L’apparition de la pluie dans une zone où elle n’était encore jamais tombée s’ajoute désormais à l’équation : non seulement la pluie accélère la fonte de la neige, mais elle peut potentiellement perturber la dynamique de la calotte glaciaire à plus long terme. En effet, sur la majeure partie de la calotte, l’eau de fonte (tout comme les précipitations en altitude) s’infiltre dans la neige restante et regèle (car la température y est plus froide) ; cependant, dans les zones recouvertes de glace nue, plus sombres, ou recouvertes de neige déjà saturée d’eau près des côtes, le ruissellement de l’eau de fonte et des précipitations entraîne une perte de masse de la calotte glaciaire.

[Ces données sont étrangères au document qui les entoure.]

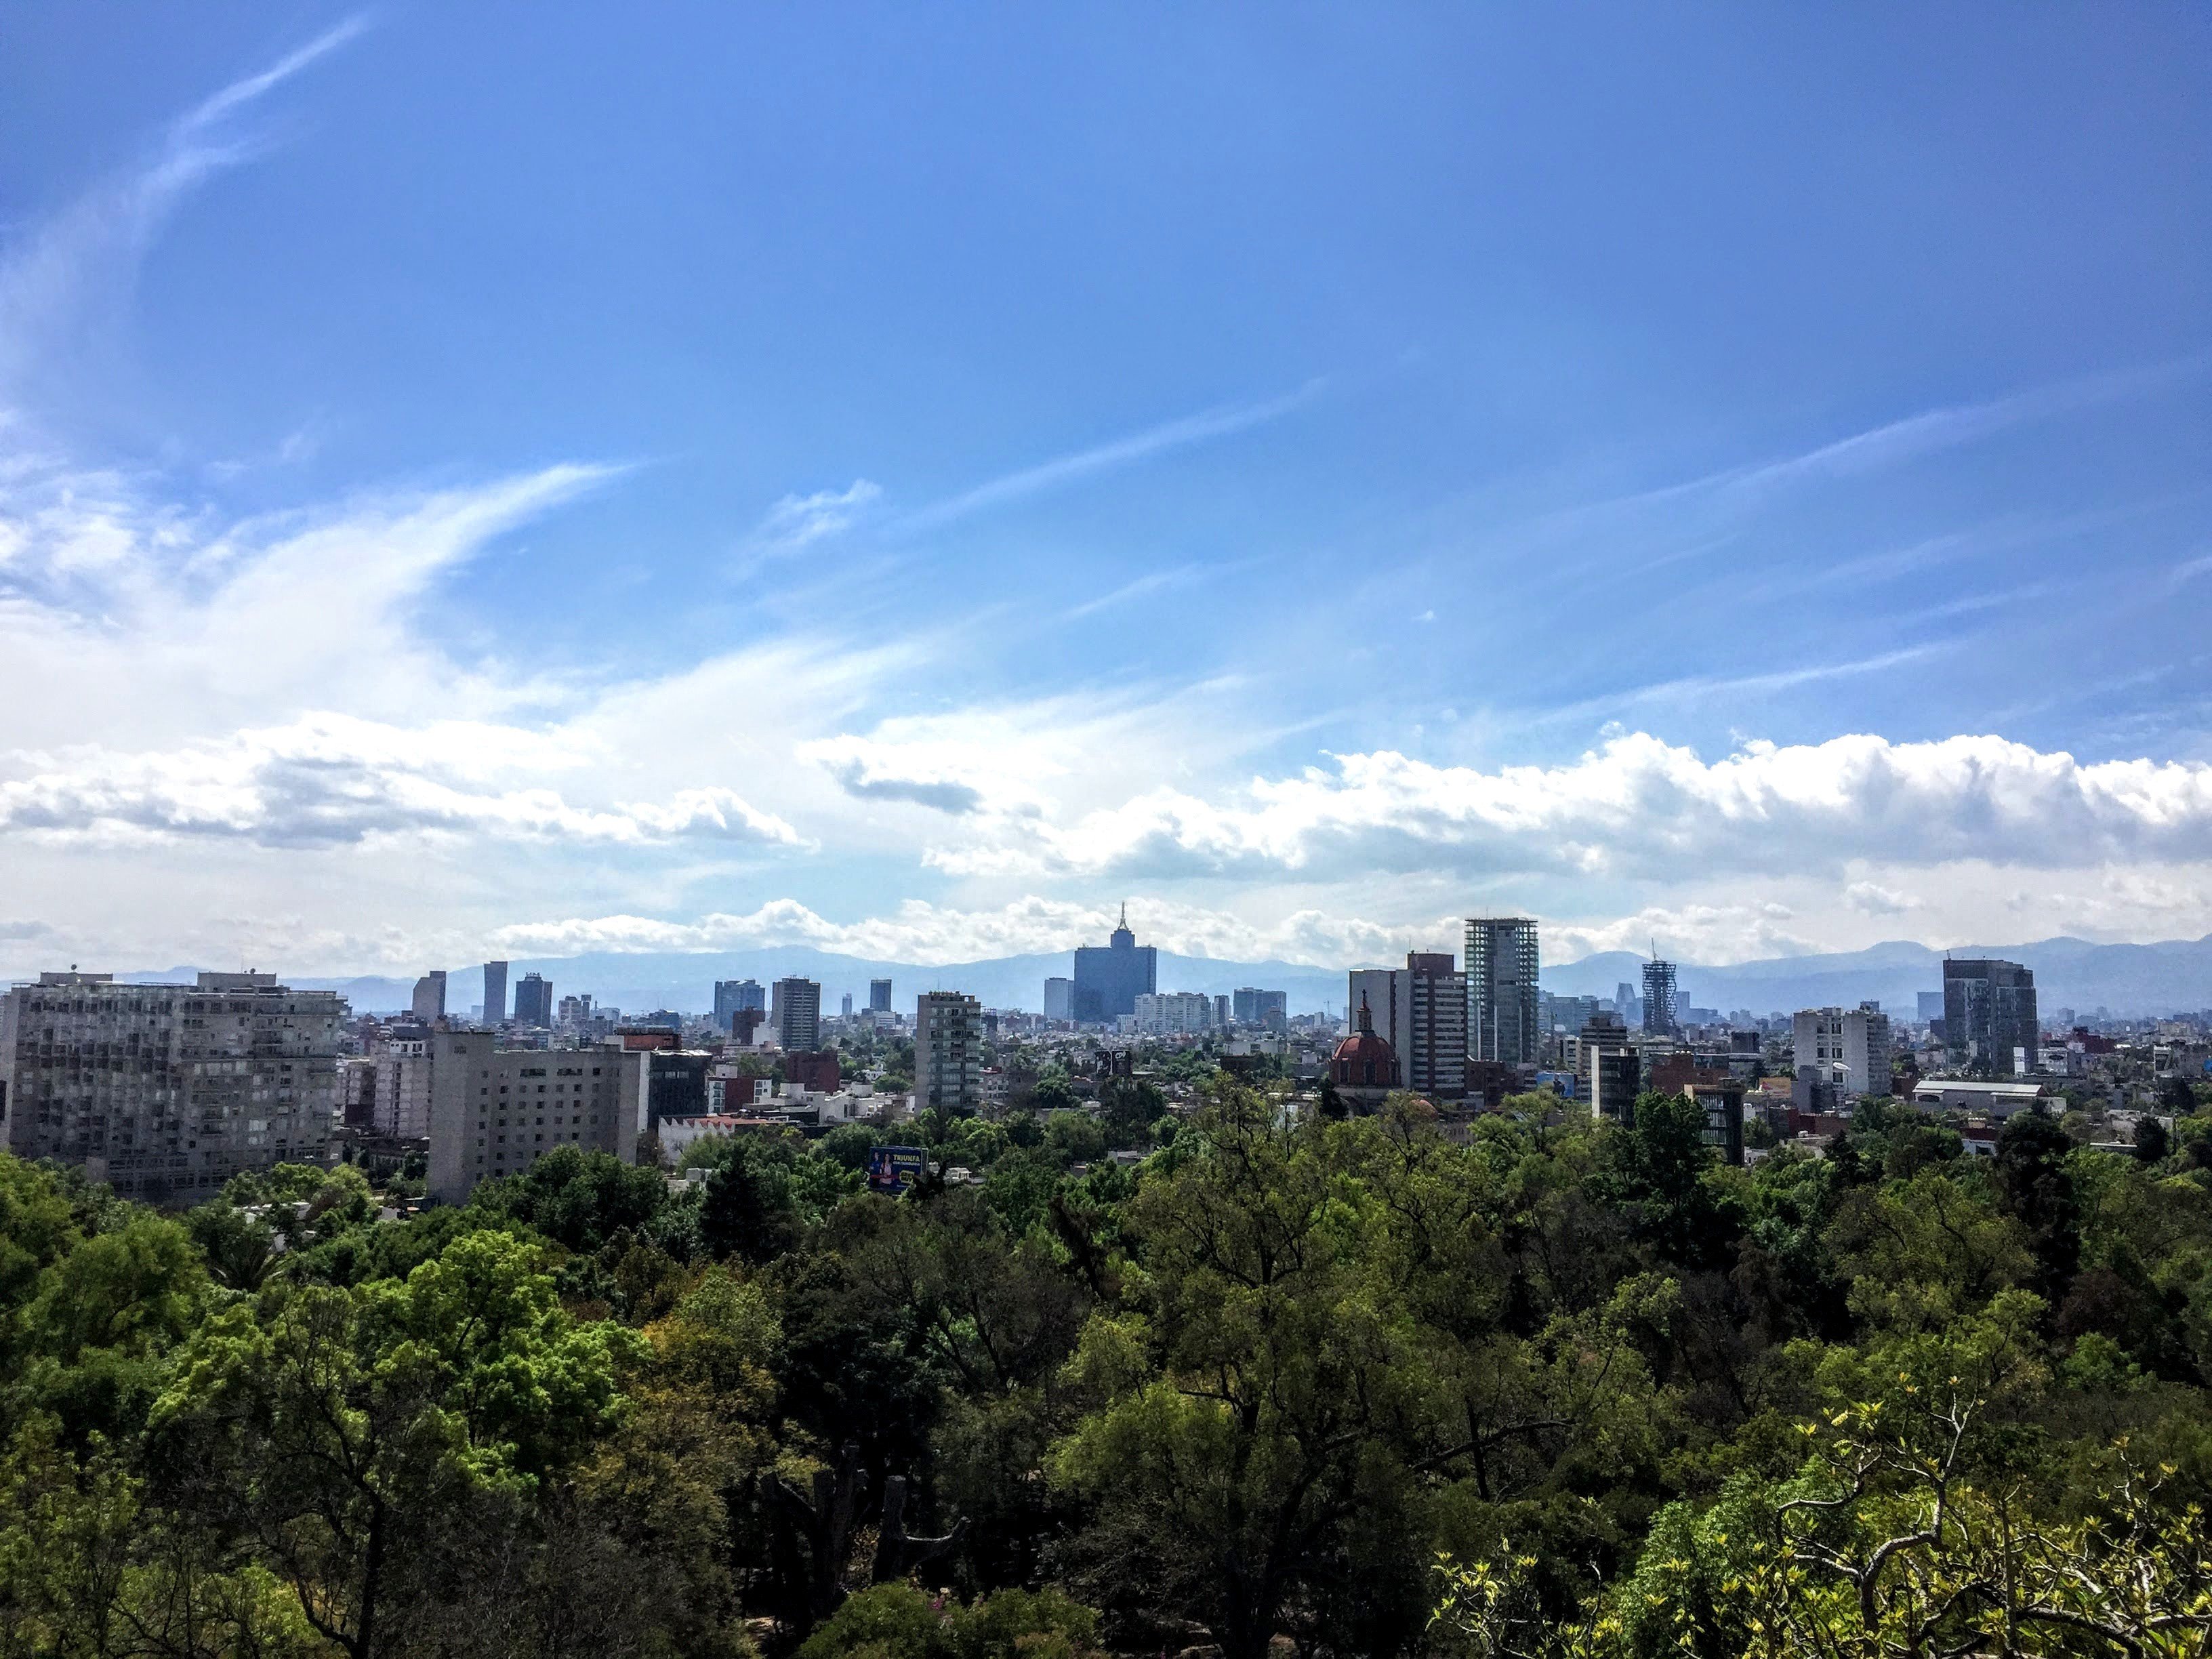 Chapultepec Park and Mexico City skyline

En d’autres termes, la fonte peut déclencher des processus qui font noircir la surface de la glace et modifient la neige et le névé sous-jacents, ce qui peut exacerber la fonte et le ruissellement futurs, même dans des conditions atmosphériques normales. « Ces processus peuvent se produire sur des parties de la calotte glaciaire qui ne font généralement pas l’objet de fonte, ce qui rend l’impact plus étendu », a déclaré Lauren Andrews, glaciologue au Global Modeling and Assimilation Office de la NASA.
La calotte glaciaire du Groenland est l’un des principaux points de basculement qui préoccupent actuellement les climatologues. Pour rappel, elle contient suffisamment d’eau douce pour faire monter le niveau de la mer de six mètres. Or, le récent rapport du GIEC a averti qu’un réchauffement climatique de plus de 2°C entraînerait la disparition de cette immense calotte glaciaire — ce qui représente une menace certaine pour les communautés autochtones et la faune de cette région. L’eau de fonte du Groenland devrait également ralentir le courant océanique du Gulf Stream, modifiant au passage les modèles de moussons tropicales.